While it will be interesting to follow up on these ideas, it will be more pertinent to assess the fidelity and flipping propensity in all-atom models, whereby, given the involved long timescales, free energy perturbation methods will likely be necessary. Note that in an earlier study [64], this rearrangement was also present in the dark state, suggesting it may be an inherent characteristic of these proteins rather than exclusively associated with the formation of the radical pair. Future studies will quantify the relative ease of the untwisting in various redox states and thus relevance clarify its relevance as part of a dedicated activation processes.
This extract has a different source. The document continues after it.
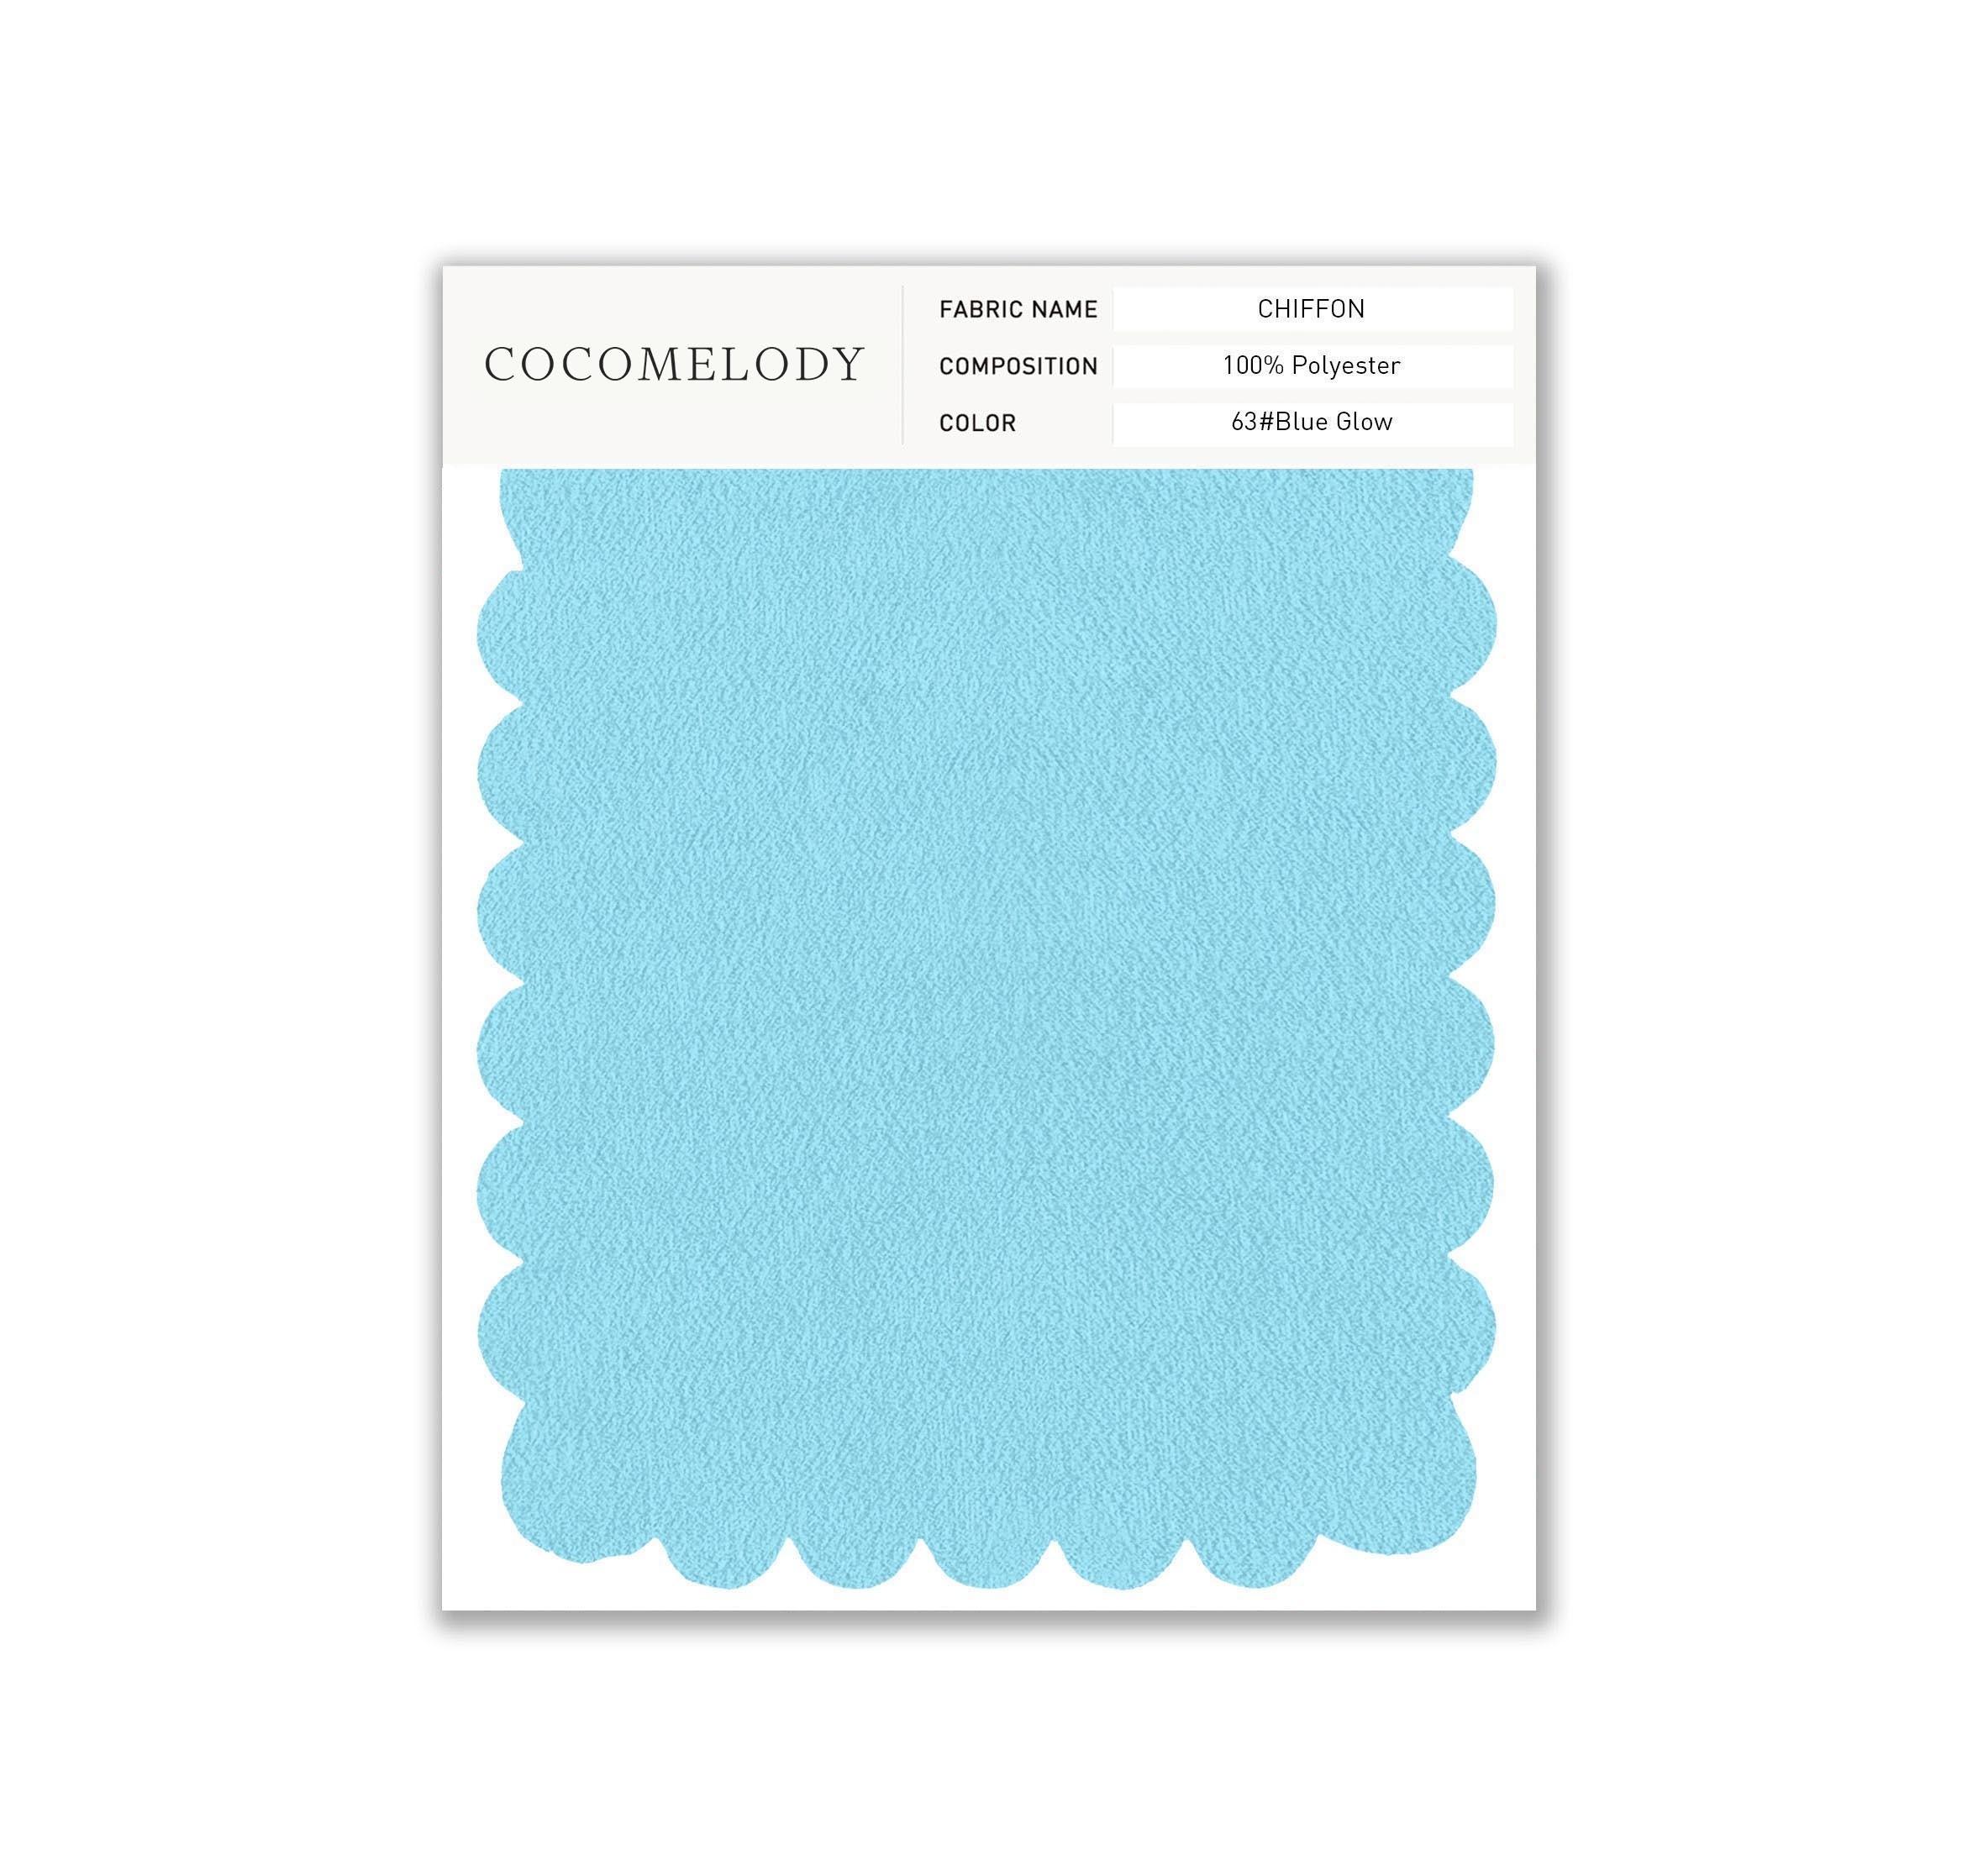 Chiffon Fabric Swatch in Single Color SWCH16001

Lastly, we aim for a more holistic view of the protein activation dynamics. To this end, we expanded upon the similarity data analysed in Fig. 3A by processing the correlation matrix from all twenty simulated trajectories. As mentioned above, each trajectory was aligned to the DS, and the KLD similarity measures were computed relative to this state. Employing a fixed filtering threshold, the correlation matrix was translated into an adjacency matrix informing a network topology; amino acid residues are hence considered nodes in the graph, which are connected by an edge if their respective KLDs are correlated. Fig. 8 shows the resulting graph.
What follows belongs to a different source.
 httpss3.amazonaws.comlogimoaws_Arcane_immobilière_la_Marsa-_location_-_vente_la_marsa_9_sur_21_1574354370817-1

Fig. 8 — Graph resulting from the correlation matrix of the normalized KLD for all trajectories. The threshold of 0.86 applied to filter the correlation matrix, highlighting only the strong correlations among the trajectories. The colours correspond to the same regions of interest as in previous figures: OPP: 80–90 (yellow), CL: 170–200 (orange), PBL: 220–245 (pink), REF: 388–399 (red), EEE: 440–460 (blue) and CT: 480–497 (green), tryptophan tetrad: W395, W372, W318, W369 (cyan). Please refer to Figs. S20-22 for additional insights in terms of communities and centralities.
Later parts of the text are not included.